Хотя всё, из-за чего начинались столкновения, уже сгинуло в пламени, беспорядки не утихали. Мало того, всё новые и новые люди вовлекались в безумную схватку. Сражение развернулось даже в заливе. Повстанцы предприняли вылазку, и несколько вражеских кораблей обернулись кострами, осветив Золотой Рог. Зато на суше латиняне начали понемногу теснить нападавших к городской стене.
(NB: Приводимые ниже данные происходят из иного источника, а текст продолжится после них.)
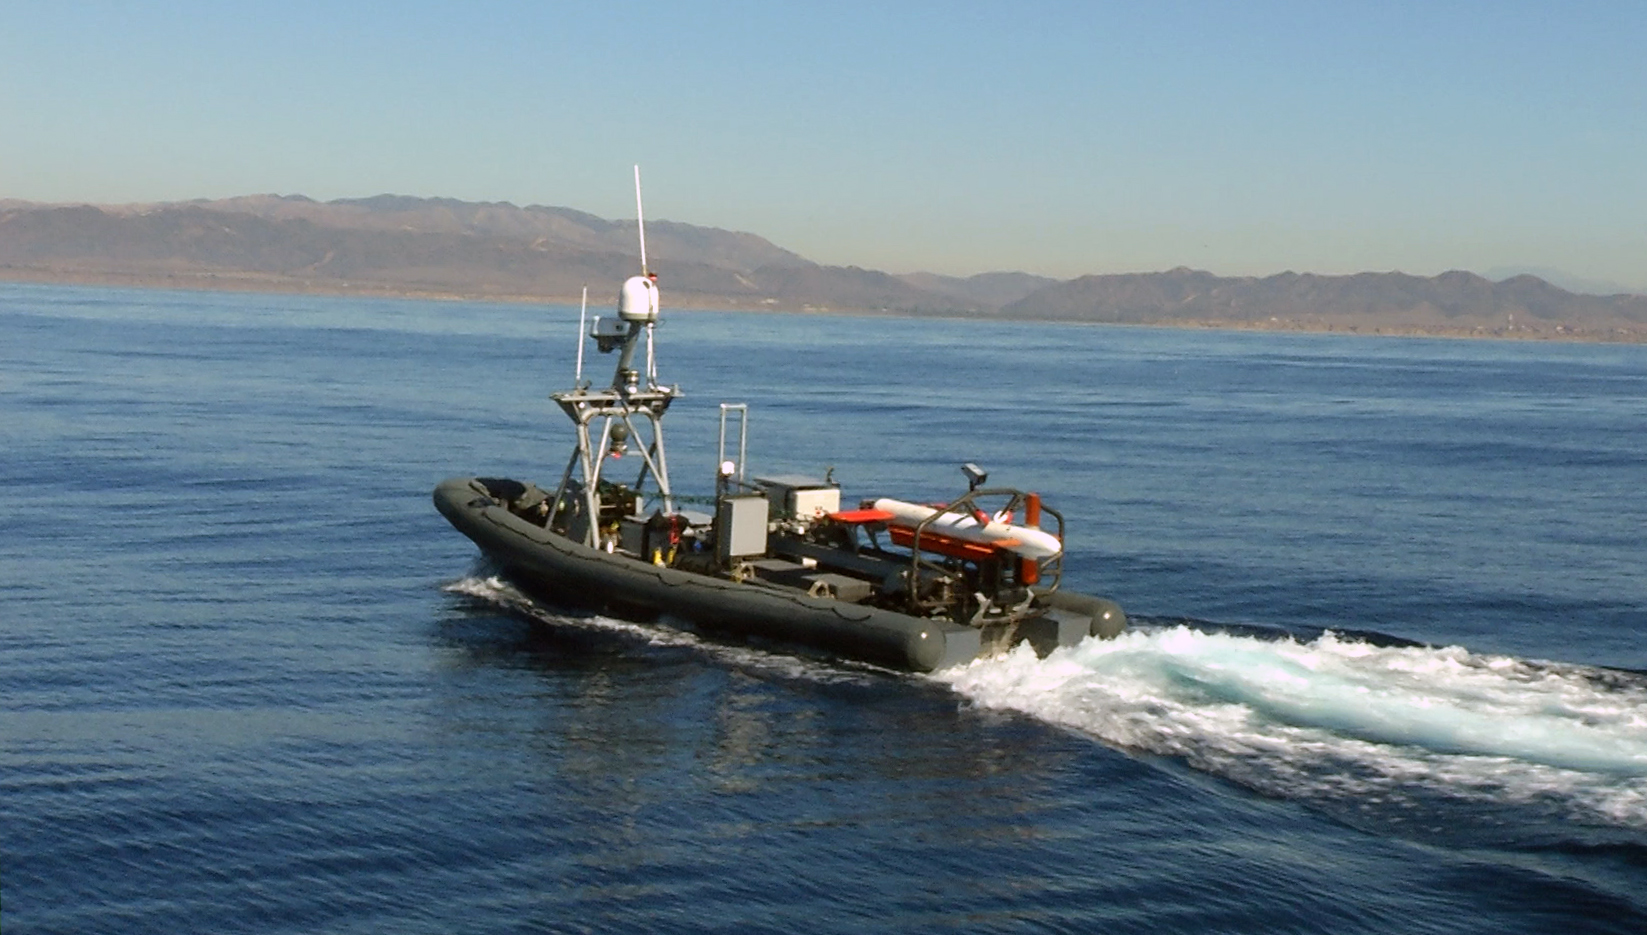 Mine Hunting Unmanned Surface Vehicle (MHU)

Десятники, пересытившись зрелищем, а скорее опасаясь, что птохи могут припомнить кое-какие обиды и стражникам, отправили гонцов к начальству. Как бывает в подобных обстоятельствах, того на месте не оказалось. Порученцы разбежались по городу. Сотники, поднятые с постелей любовниц, ругались, требовали подтверждения донесений, и только убедившись, что дело действительно серьёзное, отправляли доклады выше.
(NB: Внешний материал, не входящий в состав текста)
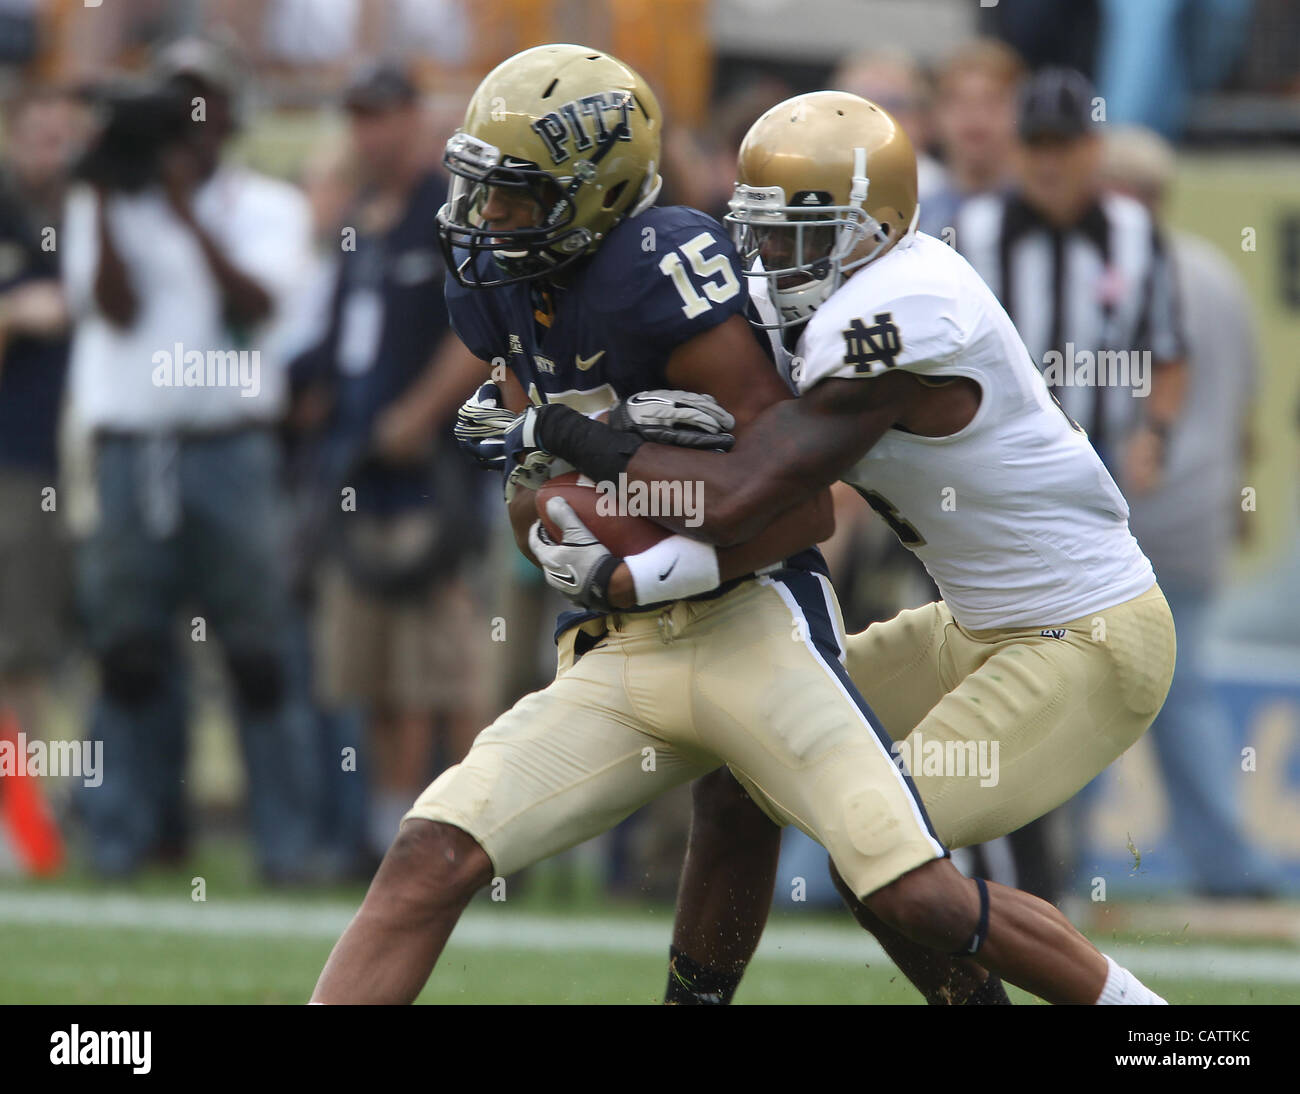 Sept. 24, 2011 - Pittsburgh, Pennsylvania, USA - Notre Dame Fighting Irish cornerback Gary Gray (4). The Notre Dame Fighting Irish were able to hold onto a slight lead to beat the University of Pittsburgh Panthers in Hienz Field.  Photo By Aaron Suozzi (Credit Image: © Aaron Souzzi/ZUMAPRESS.com) Stock Photo

Ближе к полуночи весть о восстании, наконец, достигла дворца. Императора долго не решились будить. Гражданские и военные чины переругались. Первые призывали вывести на улицы войска, вторые перекладывали ответственность на эпарха и его стражу. Когда же василевса подняли с ложа, тот вдруг решил сперва помолиться. Он направился в храм, оставив чиновников растерянности.
Скоморох украдкой покинул порядки своих земляков, когда те бросились на приступ злосчастного дома. Он успел прошмыгнуть в город, и уже будучи в безопасности, оглядываясь за спину, видел, как к воротам подходили отряды ночной стражи. Тревога за судьбу товарищей призывала его повернуть назад. Он даже остановился на миг в раздумьях. Но, мотнув головой, продолжил путь.
В самом Константинополе было относительно спокойно. Крупных стычек здесь не велось. Обыватели попрятались по домам. Патрули отступили к Преторию, укрылись за стенами многочисленных дворцов, храмов или в башнях стены. Они ожидали подкрепления. Предоставленные сами себе сумконоши разбойничали без злобы, повинуясь больше стихийному порыву, чем гневу. Мелкие их шайки разбегались по переулкам, сея смуту криками и кое-где поджигая дома.
Скоморох размашисто шагал через город, постепенно удаляясь от заварушки. Он миновал площадь Тавра и выбрался на Месу. Сюда беспорядки пока не добрались. Латинские кварталы за его спиной полыхали заревом, а здесь, на другом краю города, по-прежнему продолжалась обычная вечерняя жизнь: народ с пьяными песнями покидал трактиры и разбредался по домам, вельможи возвращались от любовниц, чтобы успеть на супружеское ложе.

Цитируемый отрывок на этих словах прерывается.